▸ **Extracted entries**

____________

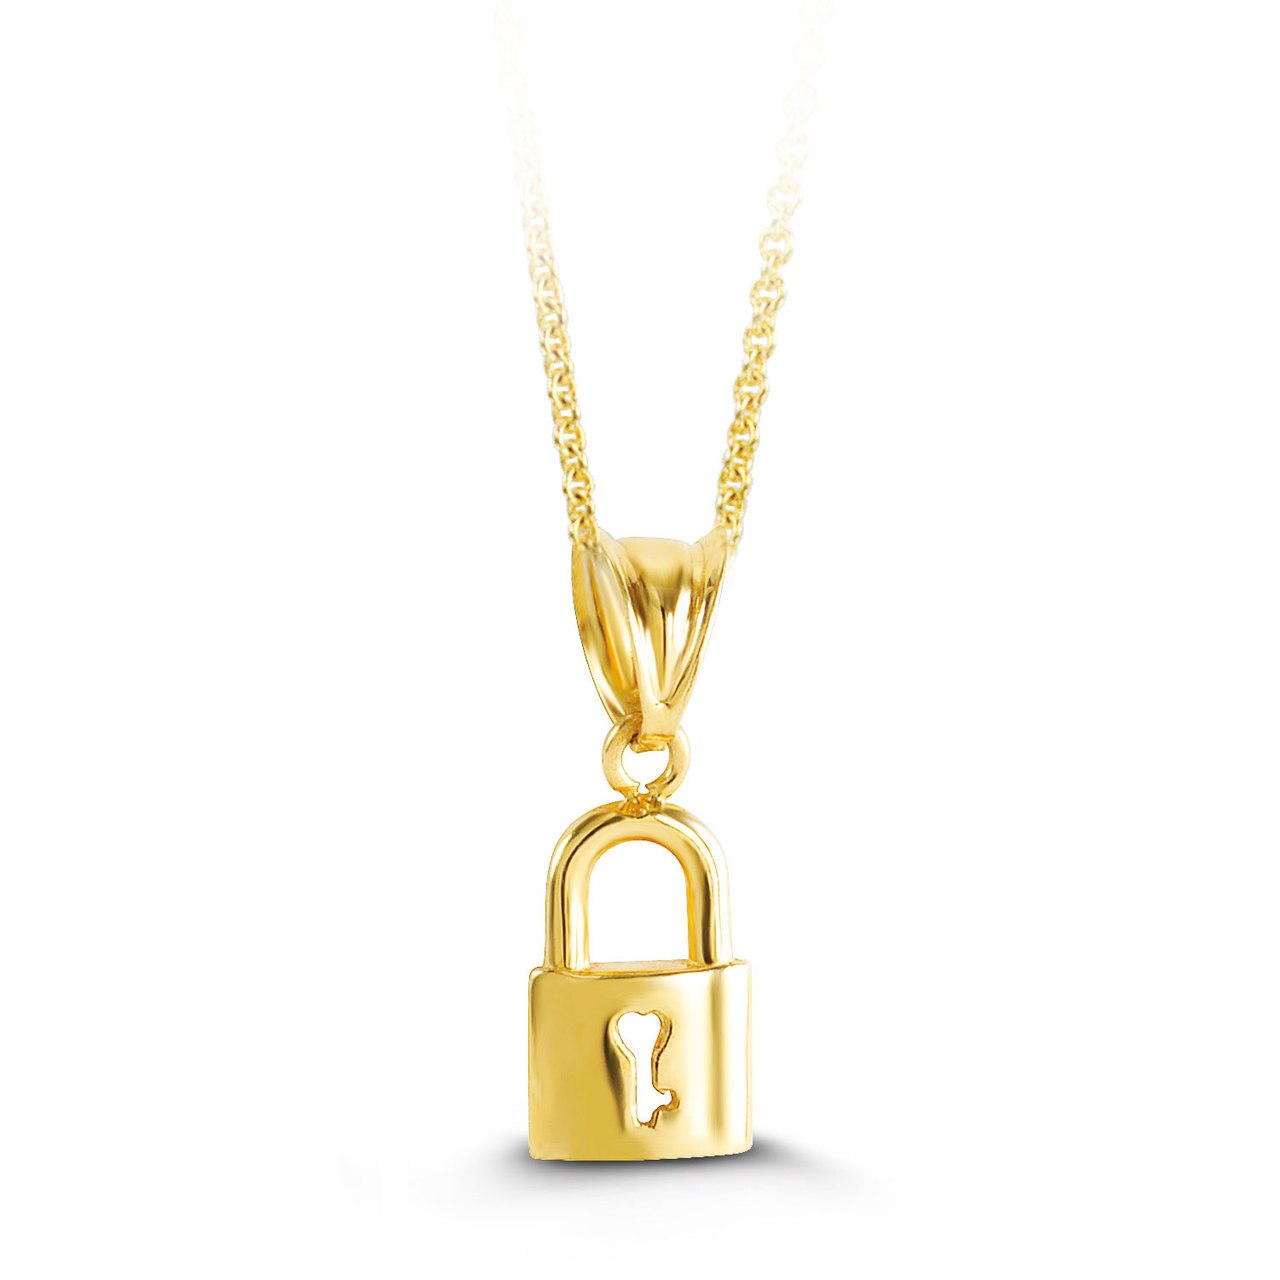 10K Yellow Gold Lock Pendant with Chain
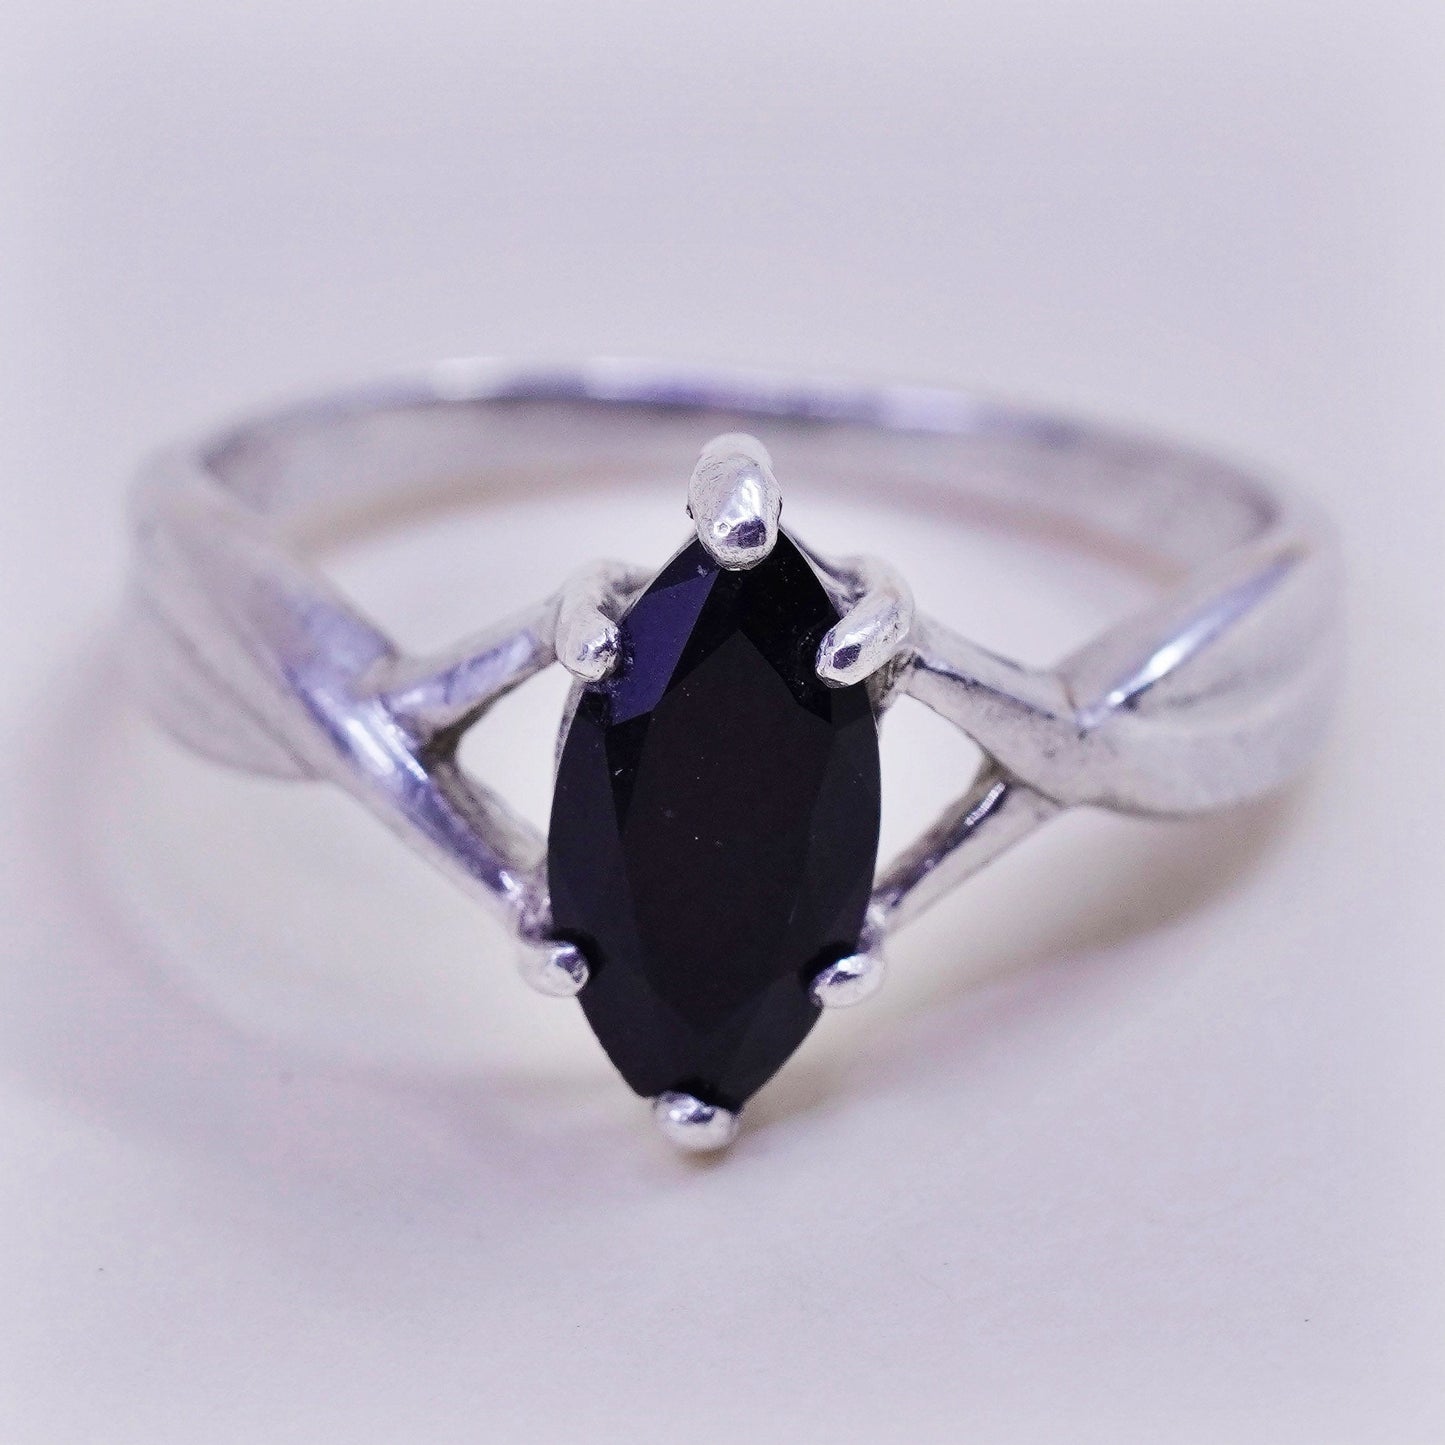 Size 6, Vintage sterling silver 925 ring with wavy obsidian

____________

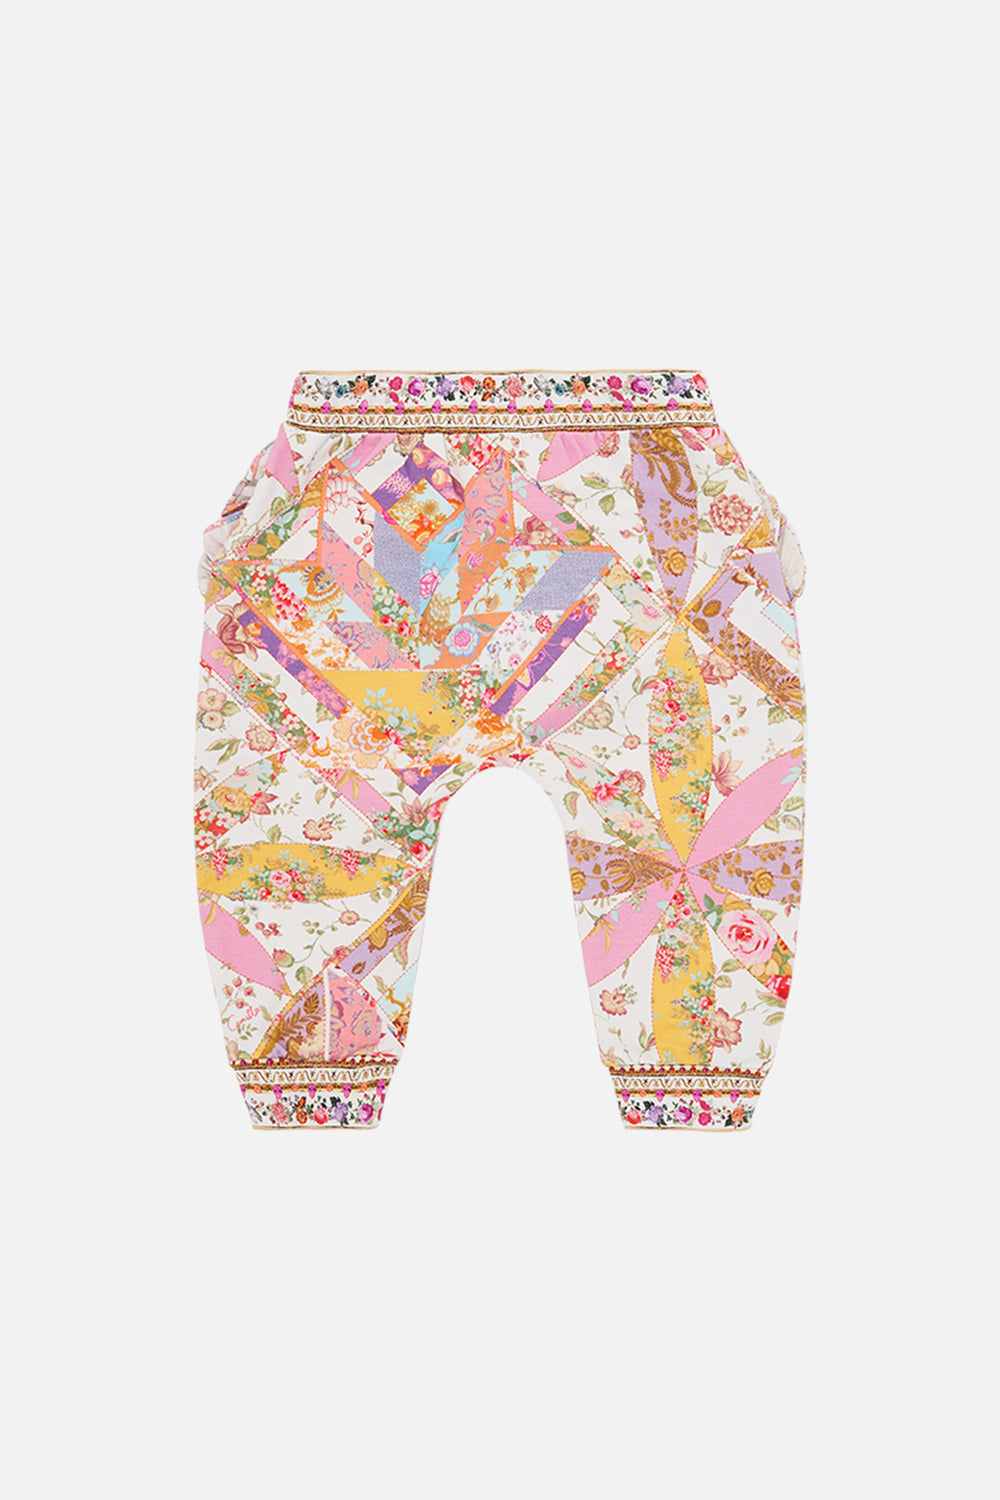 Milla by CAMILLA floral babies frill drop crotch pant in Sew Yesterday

____________

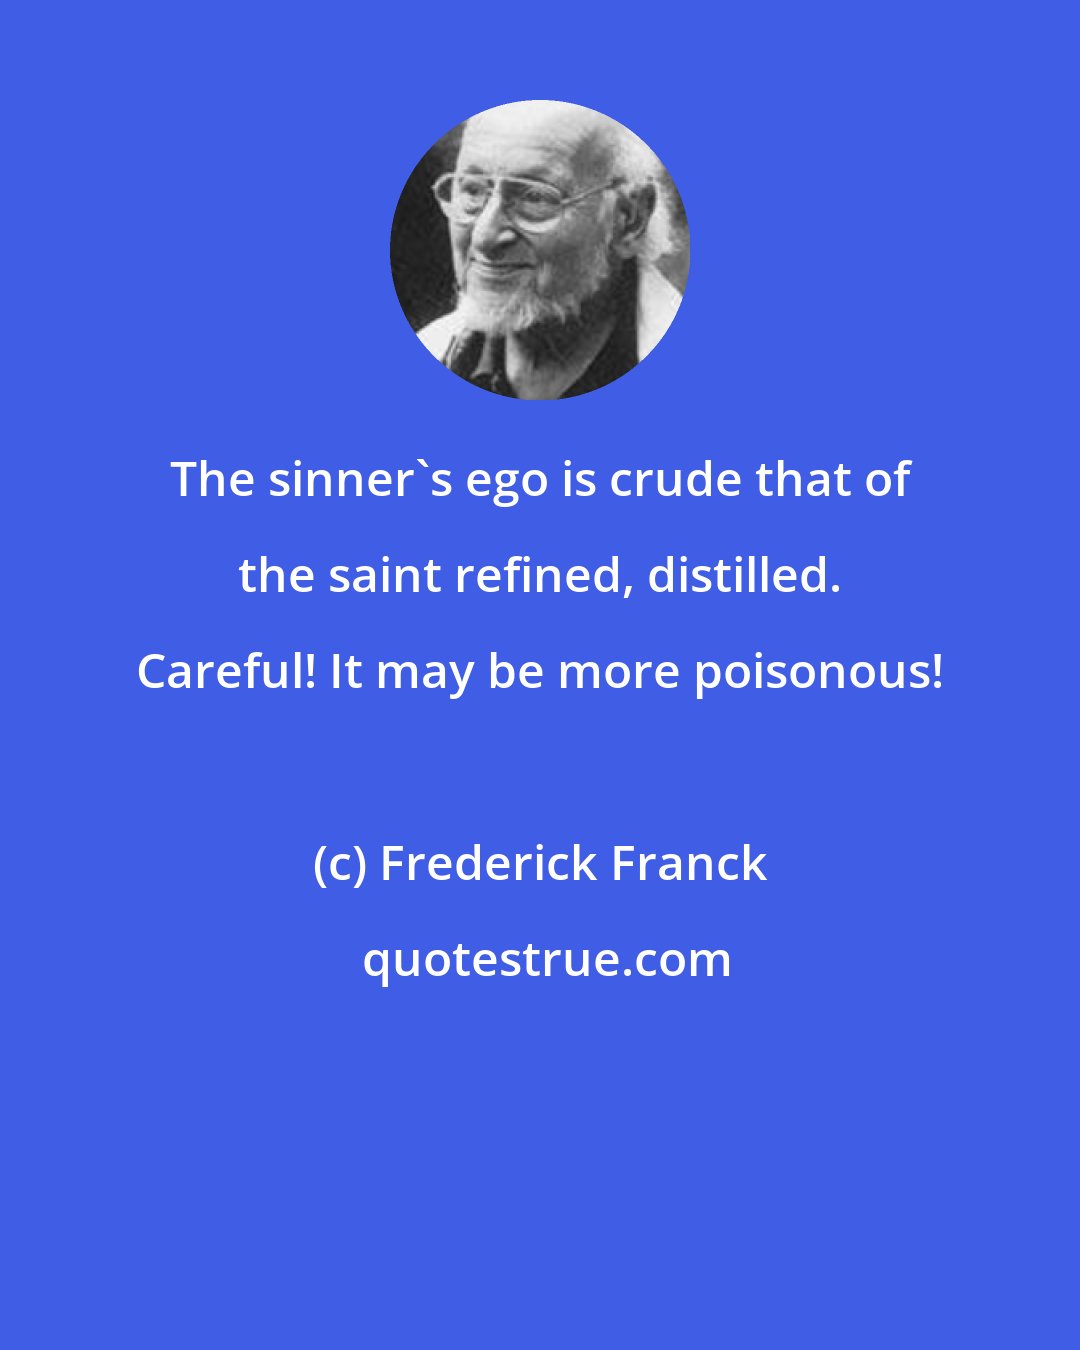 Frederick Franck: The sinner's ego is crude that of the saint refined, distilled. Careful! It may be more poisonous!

____________

▸ **Task details**
Everything above from the line containing "10K Yellow Gold Lock Pendant with Chain" through the line containing "Size 6, Vintage" must be repeated exactly, and the pictures must be left out.

▸ **Response**
 10K Yellow Gold Lock Pendant with Chain
 Size 6, Vintage sterling silver 925 ring with wavy obsidian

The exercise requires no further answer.